● **Your goal**: Write out every record below exactly as it stands, leaving the pictures out.

- - - - -

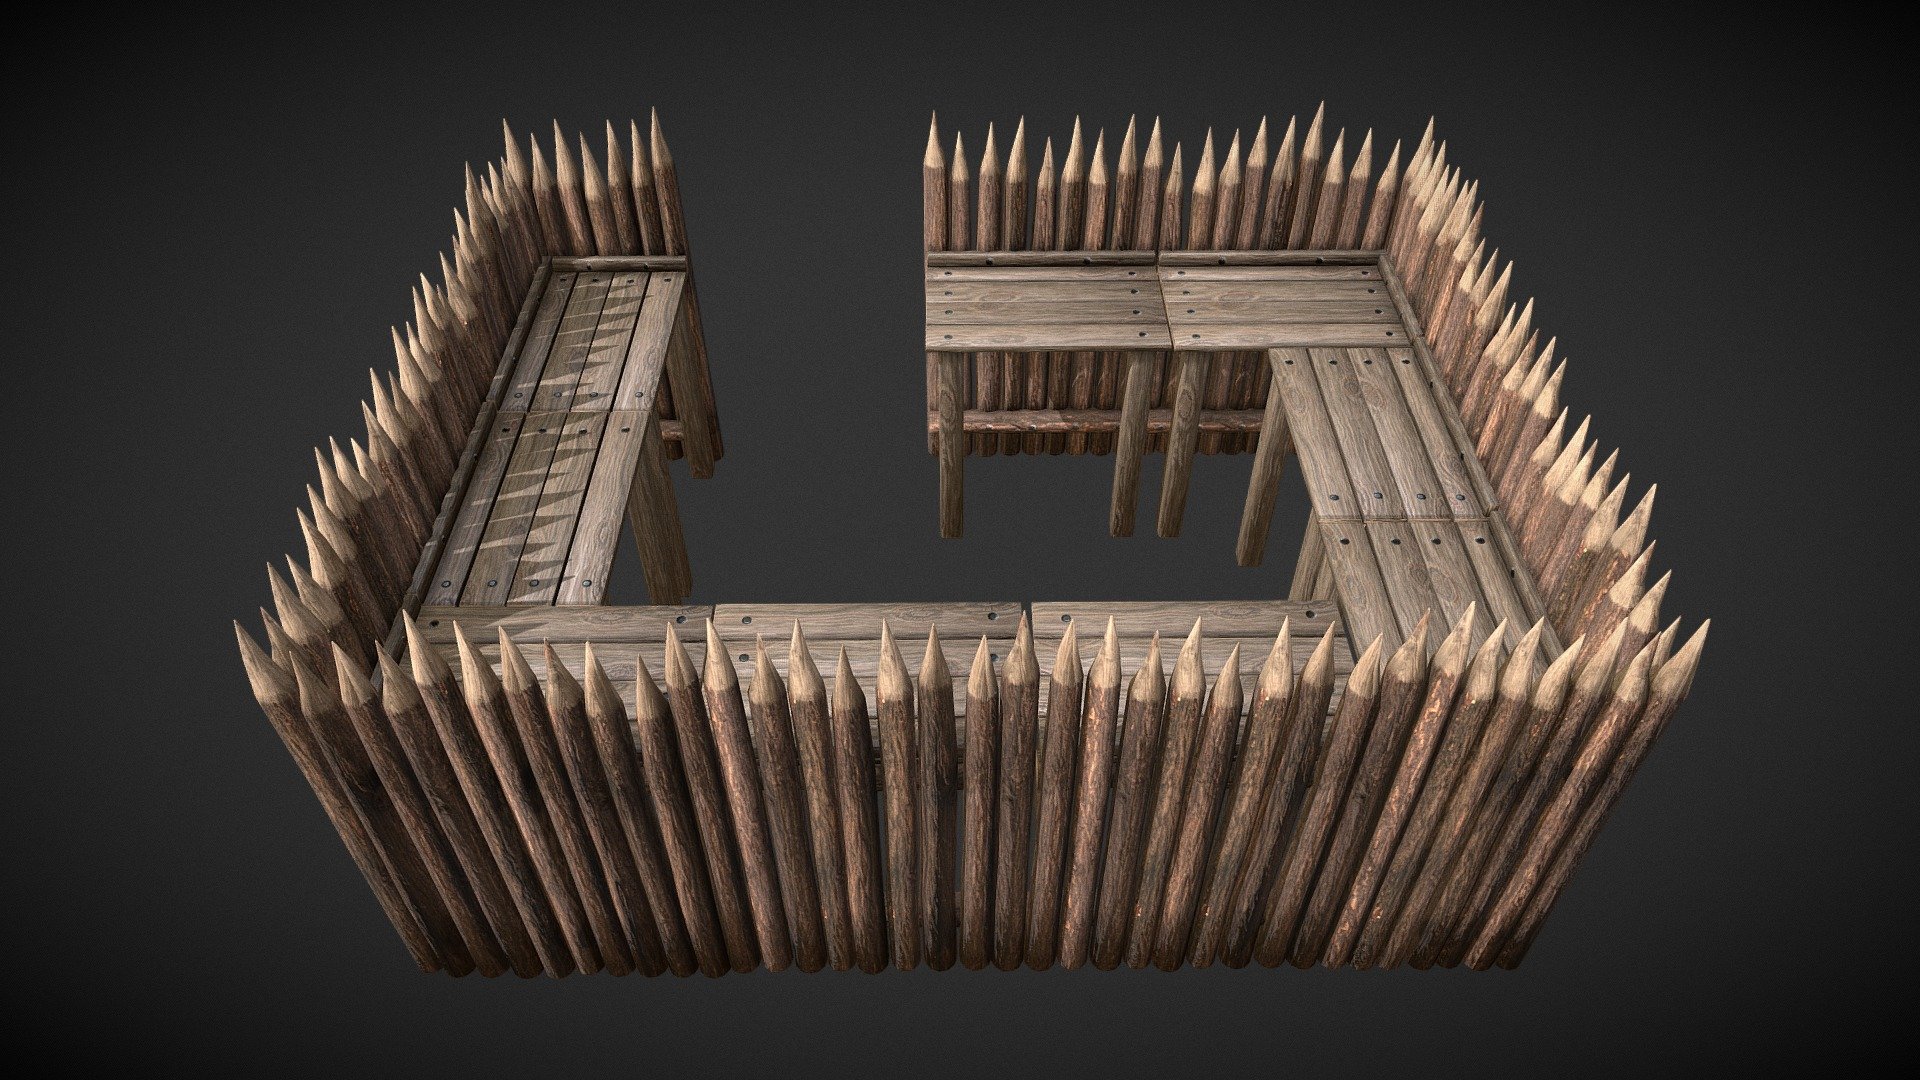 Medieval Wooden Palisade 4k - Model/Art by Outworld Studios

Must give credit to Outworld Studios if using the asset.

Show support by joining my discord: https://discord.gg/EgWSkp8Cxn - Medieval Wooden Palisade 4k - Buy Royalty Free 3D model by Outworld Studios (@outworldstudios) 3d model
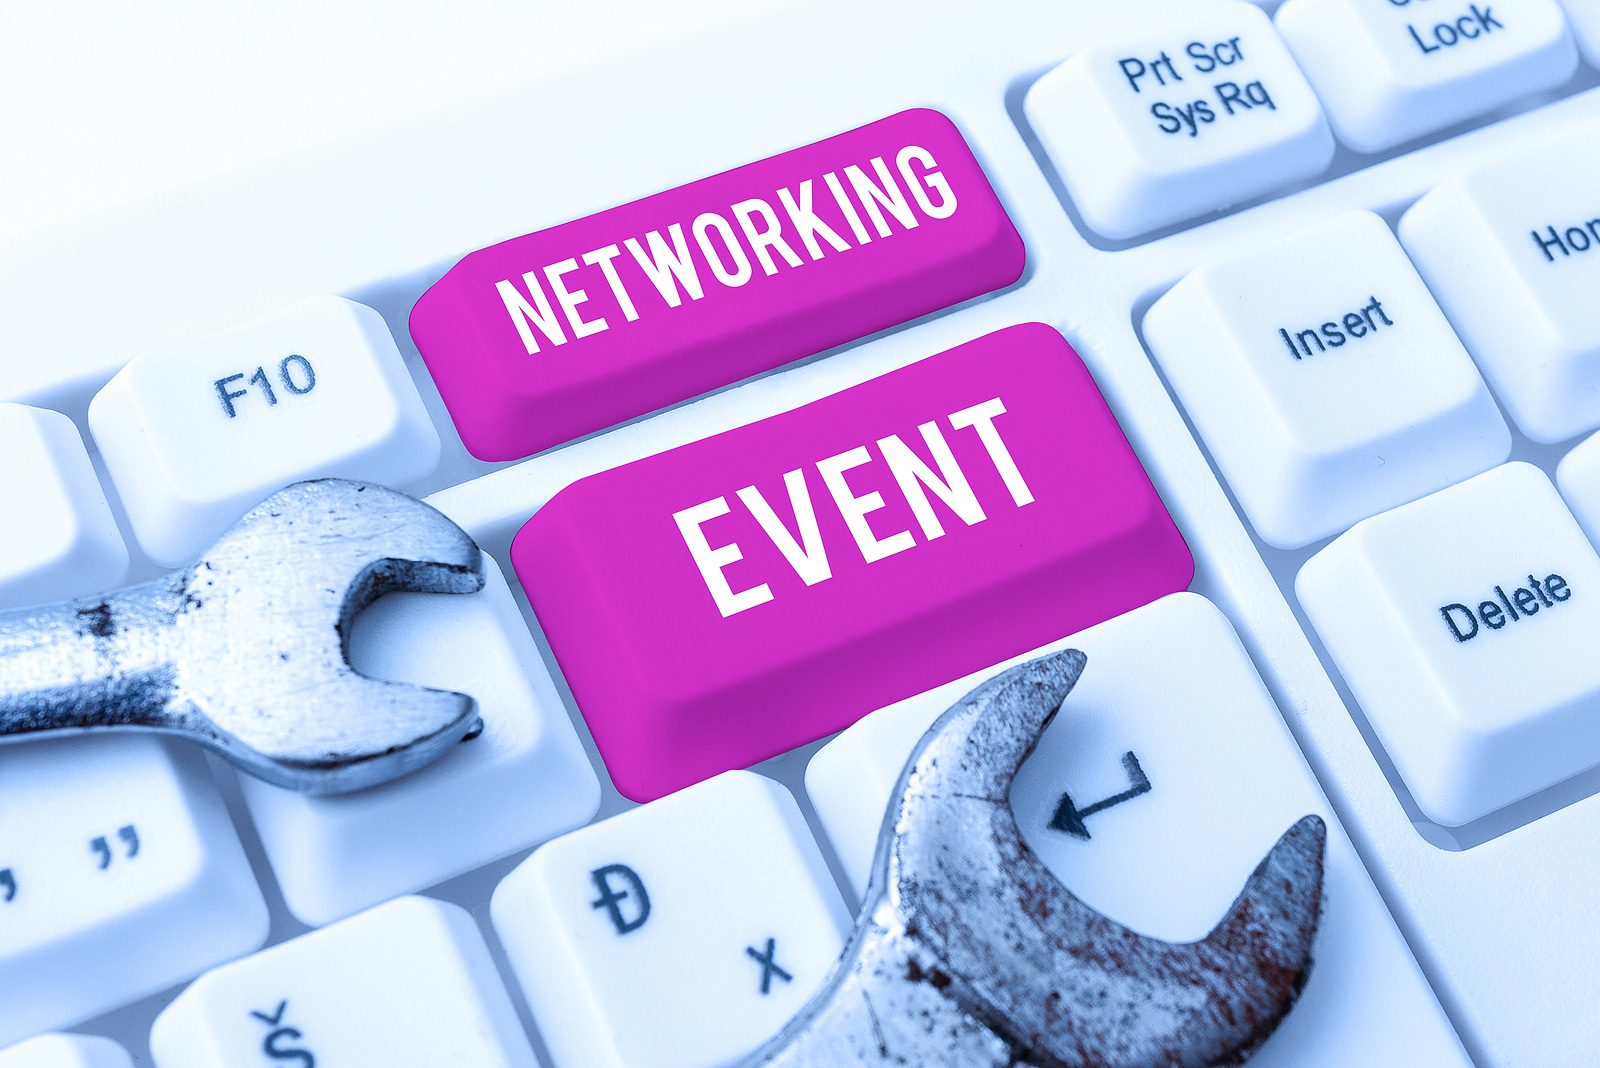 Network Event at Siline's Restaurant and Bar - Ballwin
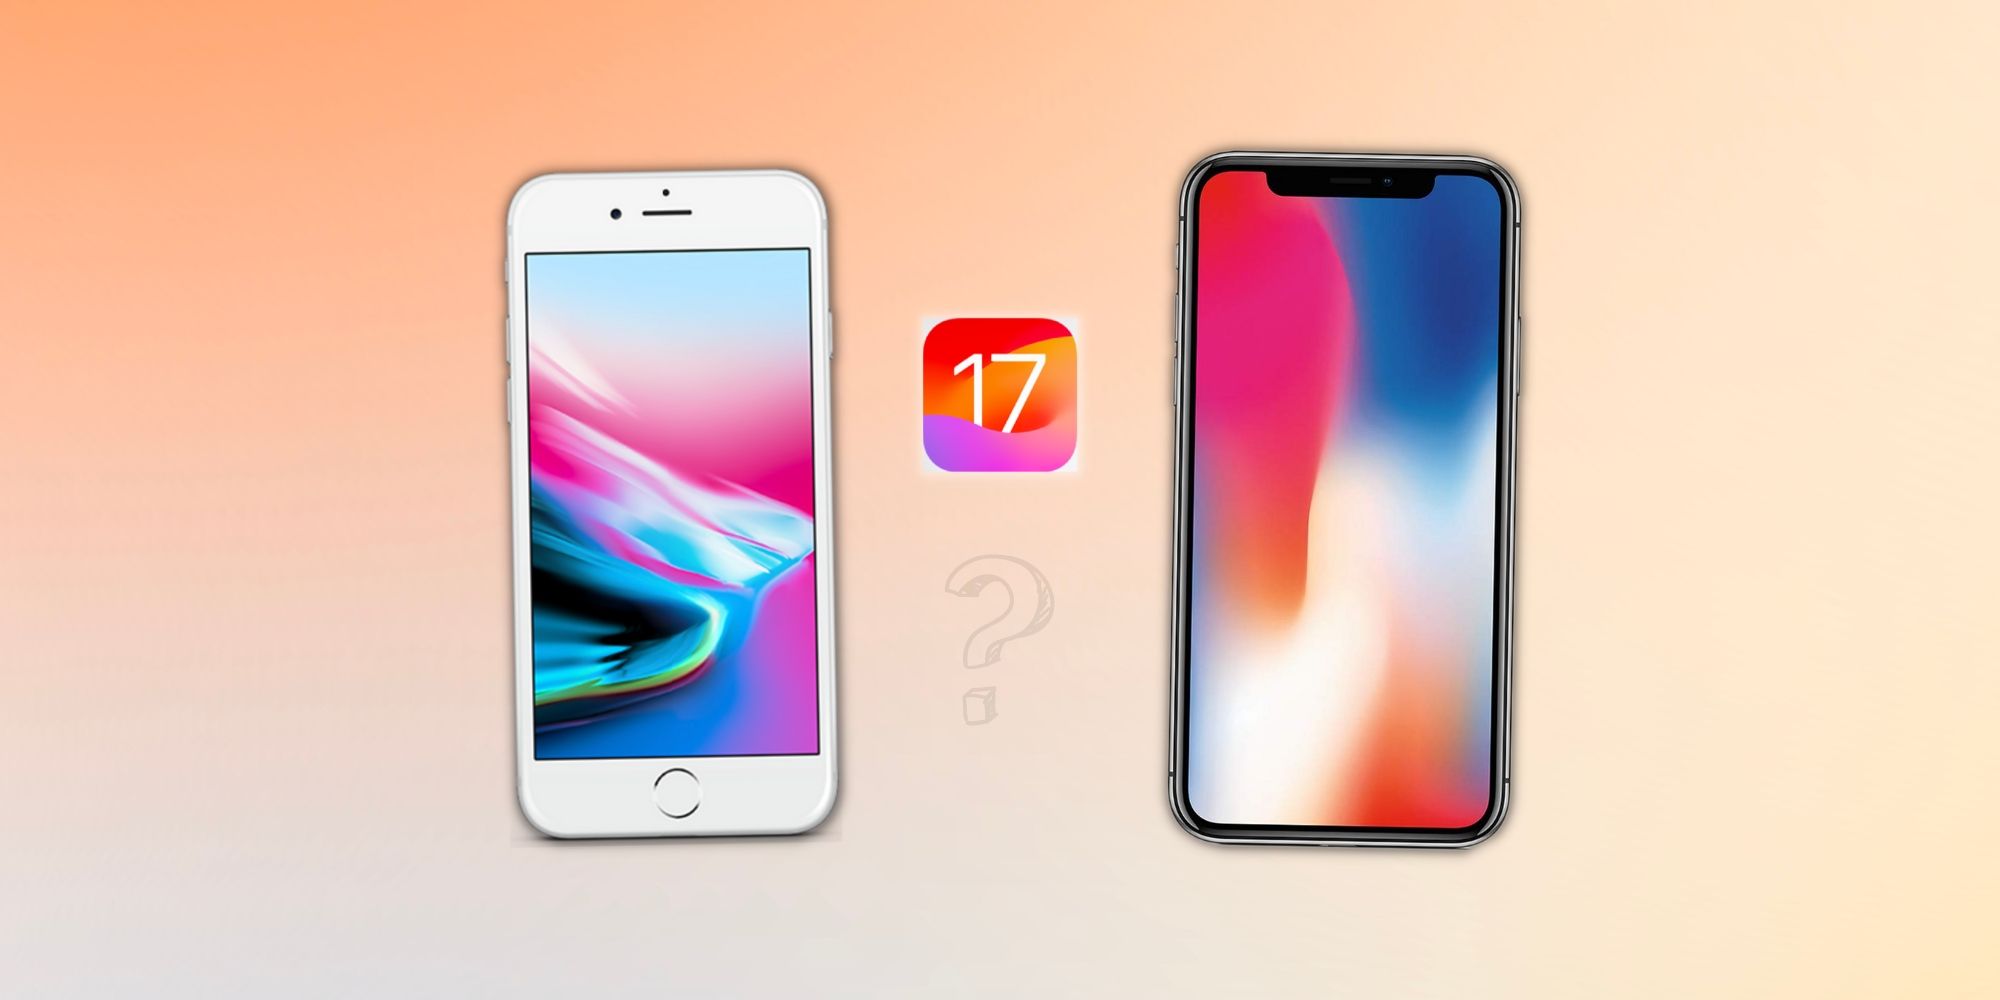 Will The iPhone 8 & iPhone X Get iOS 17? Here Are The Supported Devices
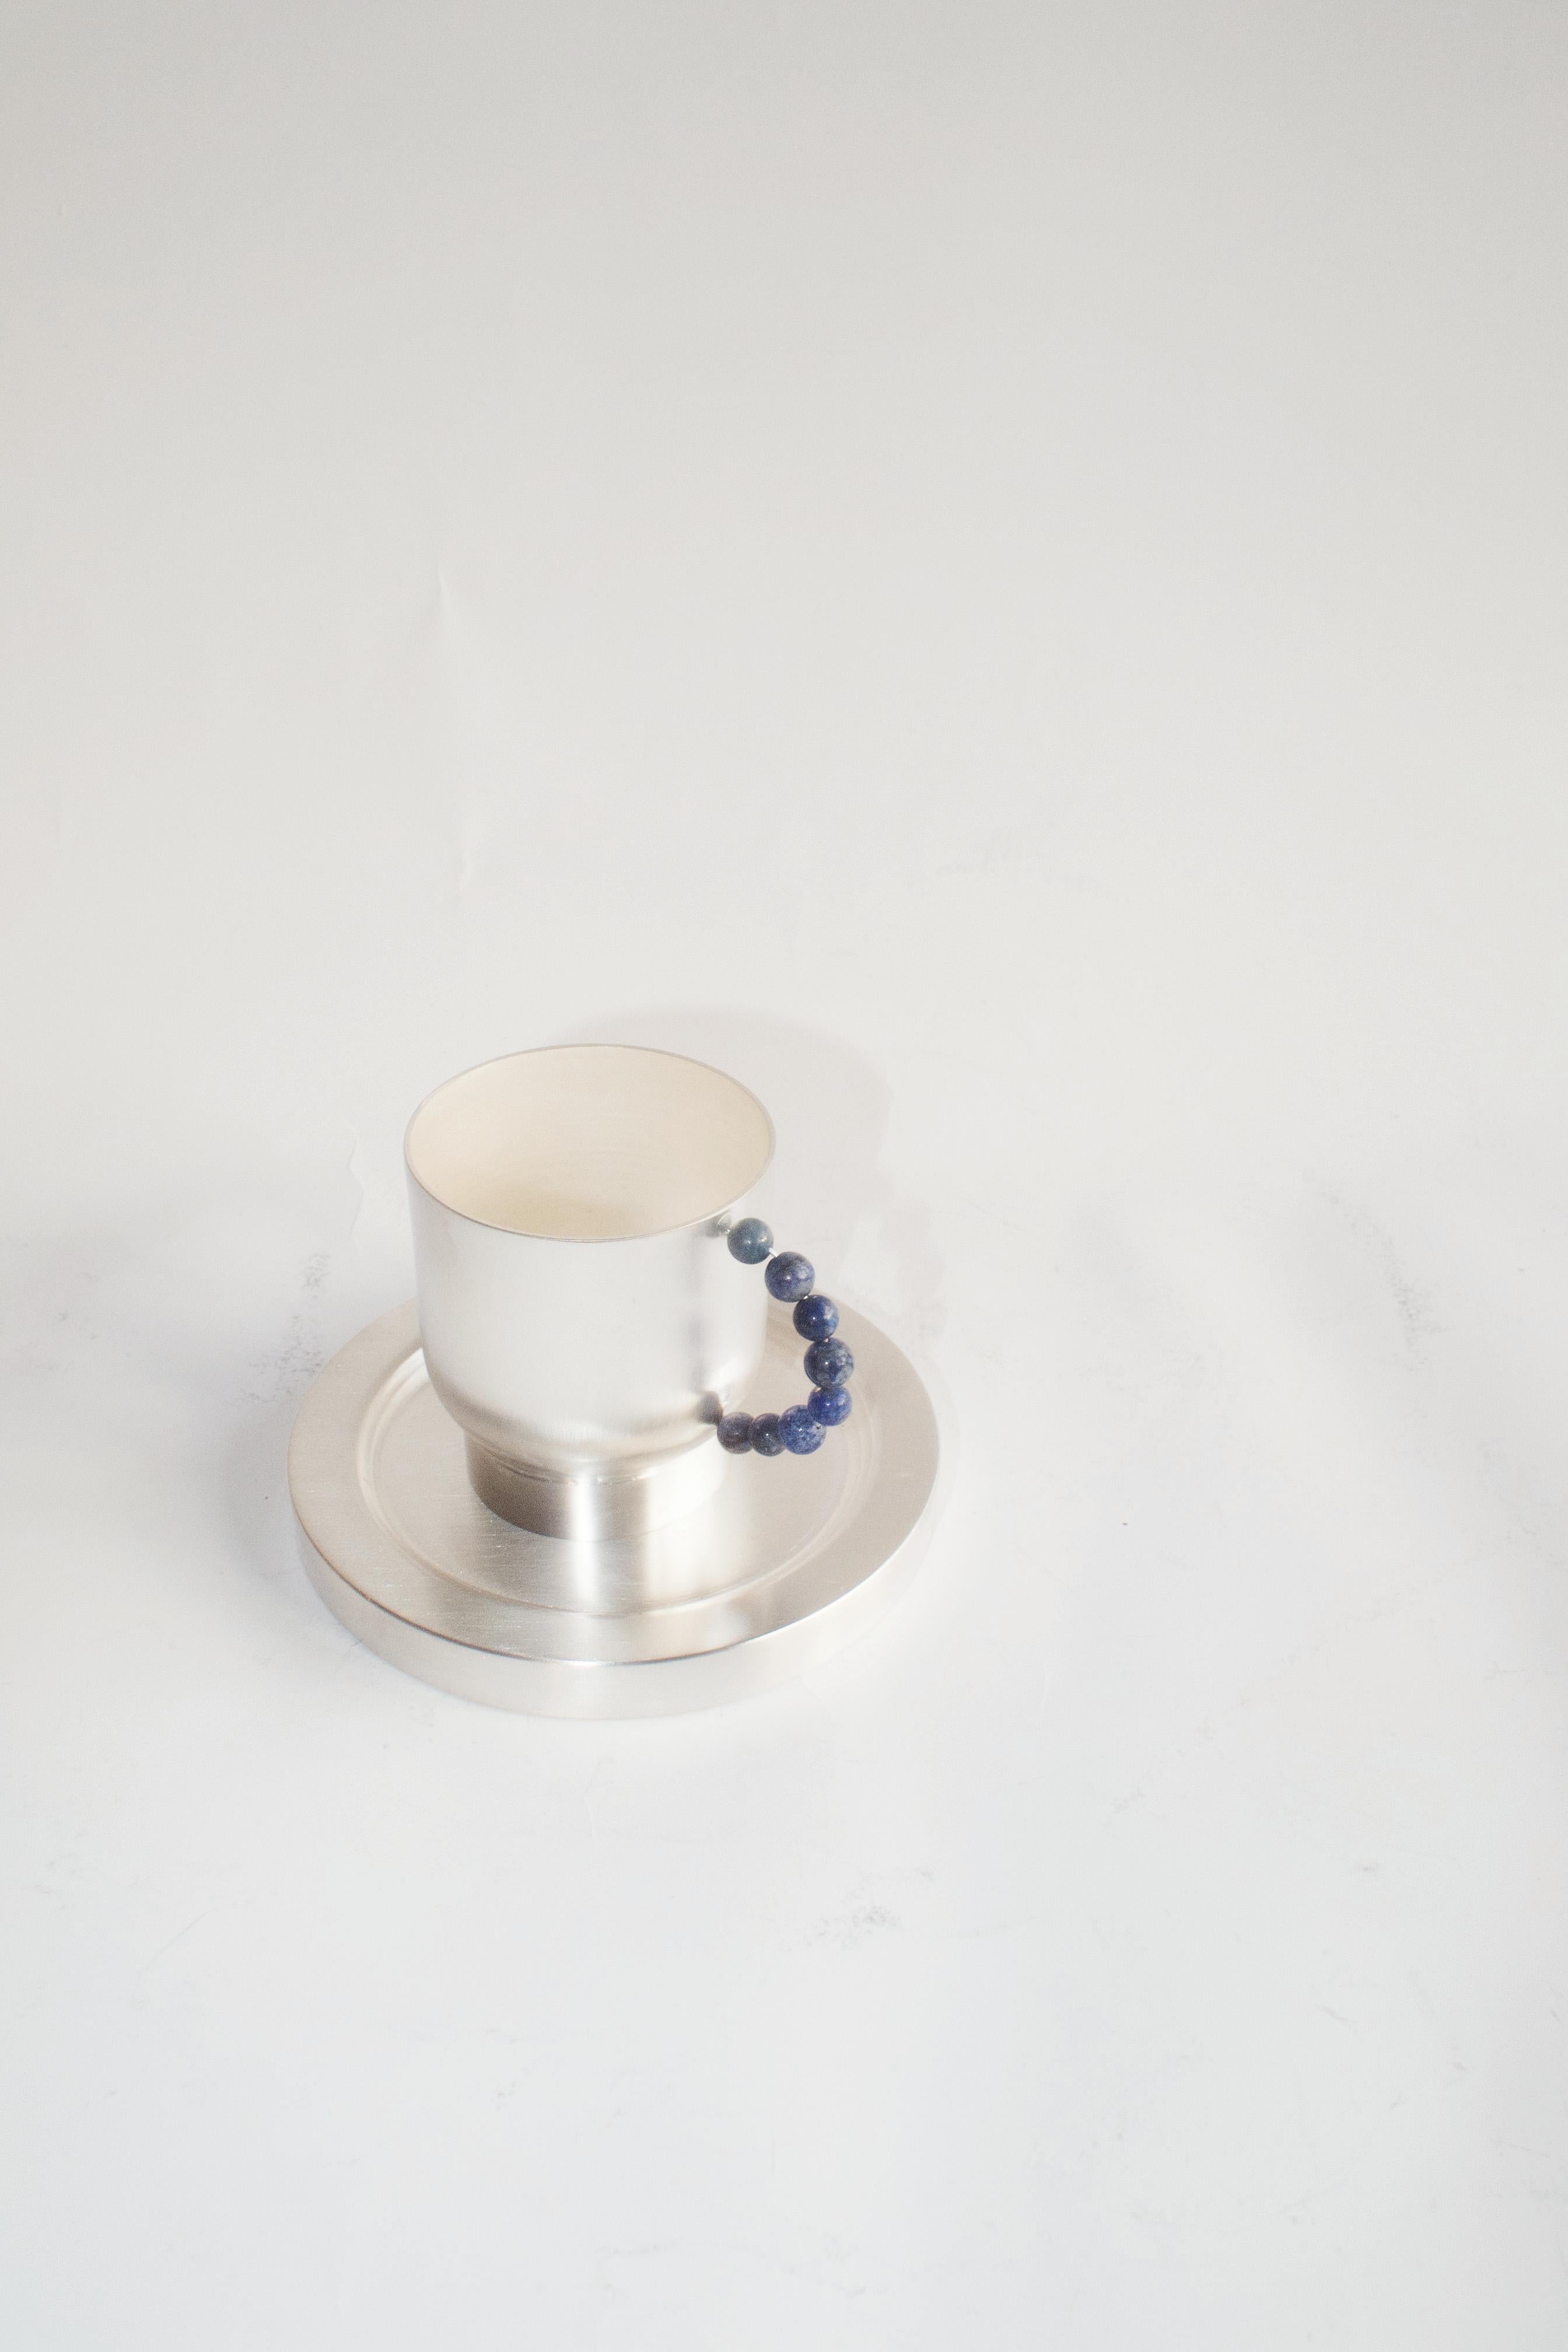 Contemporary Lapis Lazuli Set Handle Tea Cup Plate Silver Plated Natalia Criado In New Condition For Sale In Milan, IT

- - - - -

● **Result**:
 Medieval Wooden Palisade 4k - Model/Art by Outworld Studios

Must give credit to Outworld Studios if using the asset.

Show support by joining my discord: https://discord.gg/EgWSkp8Cxn - Medieval Wooden Palisade 4k - Buy Royalty Free 3D model by Outworld Studios (@outworldstudios) 3d model
 Network Event at Siline's Restaurant and Bar - Ballwin
 Will The iPhone 8 & iPhone X Get iOS 17? Here Are The Supported Devices
 Contemporary Lapis Lazuli Set Handle Tea Cup Plate Silver Plated Natalia Criado In New Condition For Sale In Milan, IT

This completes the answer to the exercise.